Would it be possible to configure a signal or webhook that would be sent to my app on resume? I’d like to tell it to reconnect the database and wait for time to sync (somehow).

Additionally ensuring a healthy health check before routing requests would be ideal.

1 Like

BTW, this blocks the request, eg when I load from a suspended state, my app responds almost immediately. Then when I refresh, the app hangs for about 3 seconds, spits out the ERROR stdout to vsock zero copy err: Broken pipe (os error 32) log, then the app responds.

Tried out auto-suspense on a couple apps.

Seems to be working well, much quicker than autostop! Noticing an oddity though where a machine remain suspended according to the Fly dashboard, but respond to requests just fine? (app: endfield)

A ghost in the machine?

1 Like

Any idea whether a possible memory limit increase for this feature is on the near/mid-term horizon? I know y’all would like to, and I would love to test it out. Suspend/resume is killer cool, but most cases where I want to see it are >2GB RAM machines.

@MatthewIngwersen Is there a signal that Fly emits before it suspends?

@reconbot2 Since suspended clocks get desynced when they resume, you can sort of hack detection of resuming machines.
eg in node:


const INTERVAL_TIME = 1000
let NEXT_TIME = Date.now() + INTERVAL_TIME

setInterval(() => {
  const now = Date.now()
  if (now < NEXT_TIME) {
     // My clock is out of sync, I probably just got unsuspended
  }
 NEXT_TIME = now + INTERVAL_TIME
}, INTERVAL_TIME)

It works pretty well for me, but it’s pretty hacky.

@MatthewIngwersen I’m also interested in learning about any signals that are emitted before suspend?

The docs note that auto-suspend can take “several minutes” to kick-in[1] (apparently 5mins). I’d like to suspend much sooner! Ideally, if a machine is idle for 5s/10s/30s, I’d not mind it taken down. Any plans to let users configure this?


  1. auto_stop_machines: The action, if any, that Fly Proxy should take when the app is idle for several minutes. ↩︎

It’s usually about 7 minutes for me. You can always use the machine api and call .../suspend to force it to suspend.

1 Like

Thanks.

Wasn’t it 60s once? At least that’s what I thought when I removed the code that put machines to sleep (exit) if idle for 60s. And now, it is 5mins to 7mins… which seems too high for suspend specifically.

@MatthewIngwersen was last seen Aug 30, so I assume he is no longer with us. RIP :headstone: .

I’ve been using autosuspend since it was available and unfortunately it doesn’t work well as I had hope.
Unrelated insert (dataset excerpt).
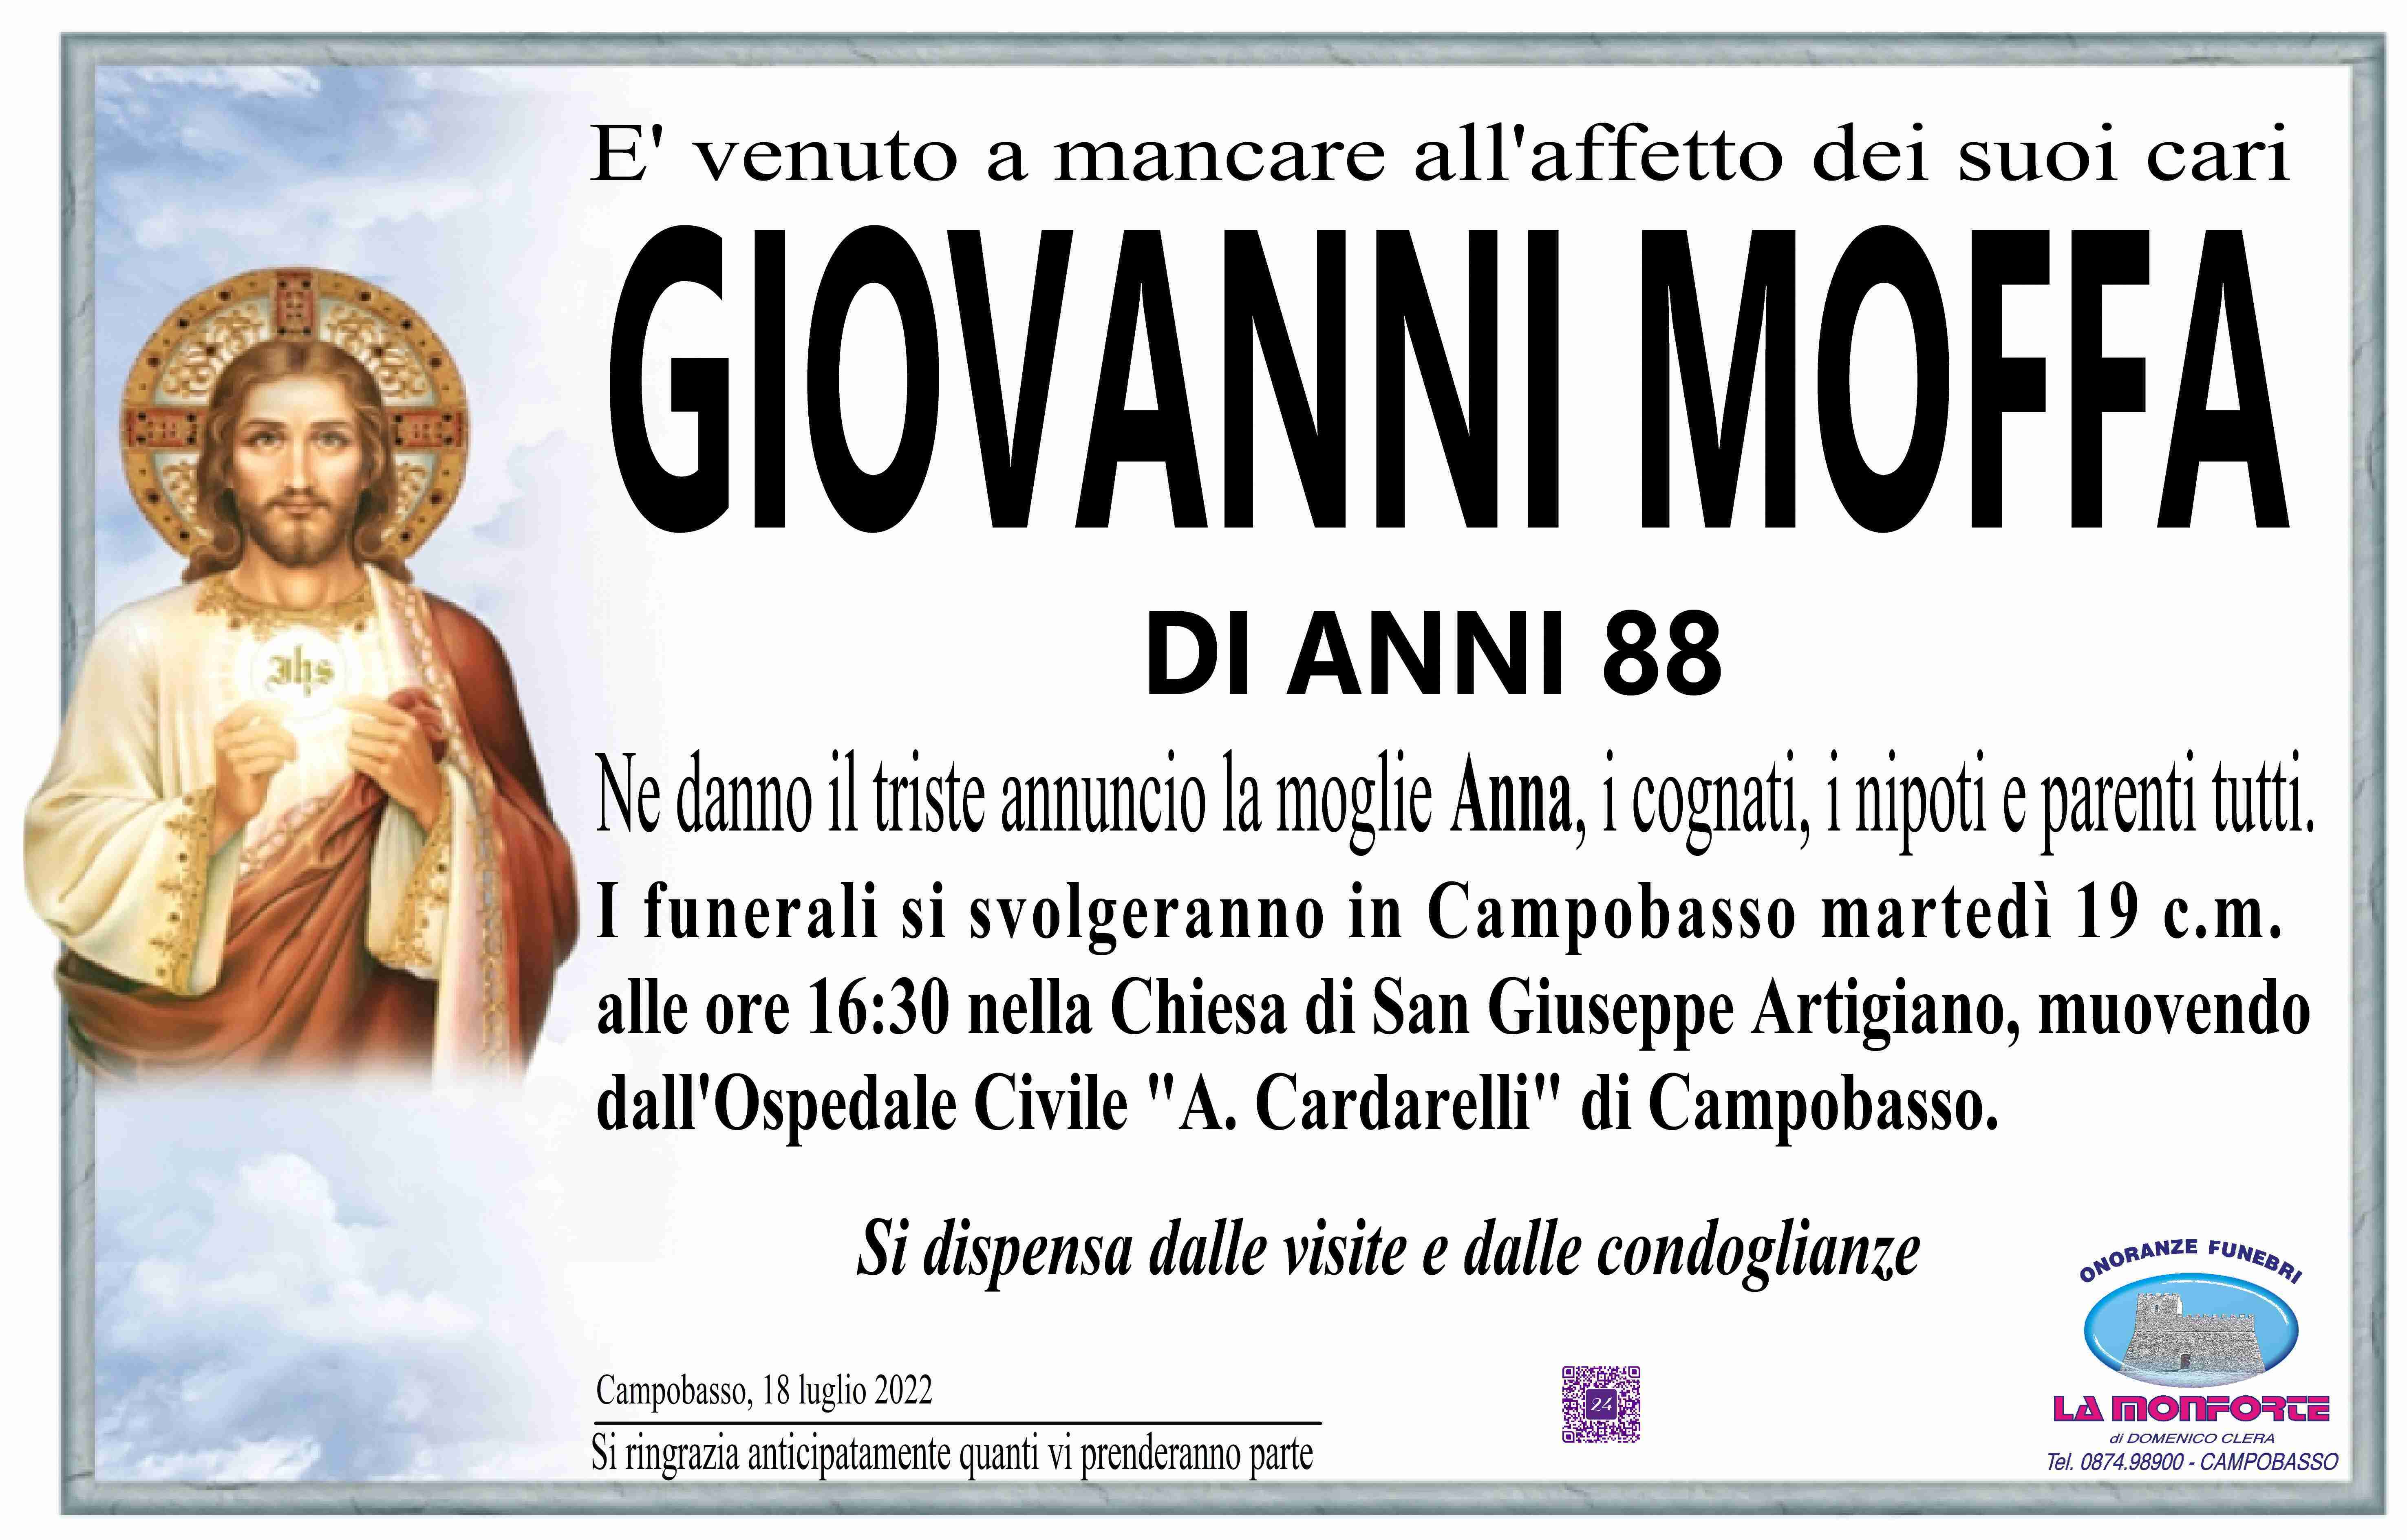 Giovanni Moffa

  1. There is a bug when waking up a machine. The first request responds almost immediately but the 2nd gets blocked for up to 3-4 seconds. This defeats the purpose of suspend.
  2. The Linux kernel sucks :cherries: at memory management, especially when there’s no swap available (you can’t use swap_memory_mb with suspend.)

Issue 1 isn’t a huge deal breaker, but issue 2:

What happens is the kernel will be clever and use as much pagecache as it thinks is optimal and leaves 2-10MB of free memory. Then when your app has a request and there isn’t enough memory, the kernel begins to panic… a simple request that usually takes 50ms ends up taking 10 seconds to respond.
Even if you increase vfs_cache_pressure or manually evict memory, it is either too late or it doesn’t even free up any of the pagecache.

By opting out of suspend and adding only 128MB of swap, my app (under the same memory usage) runs fine, only bottlenecked by CPU.

Just my little update, thanks for reading :open_book:

Given the recent CPU accounting changes (ref), I’d be very wary of relying on swap on shared-x machines as it can put a lot of the already depleted CPU slices to managing memory instead of doing actual work.

1 Like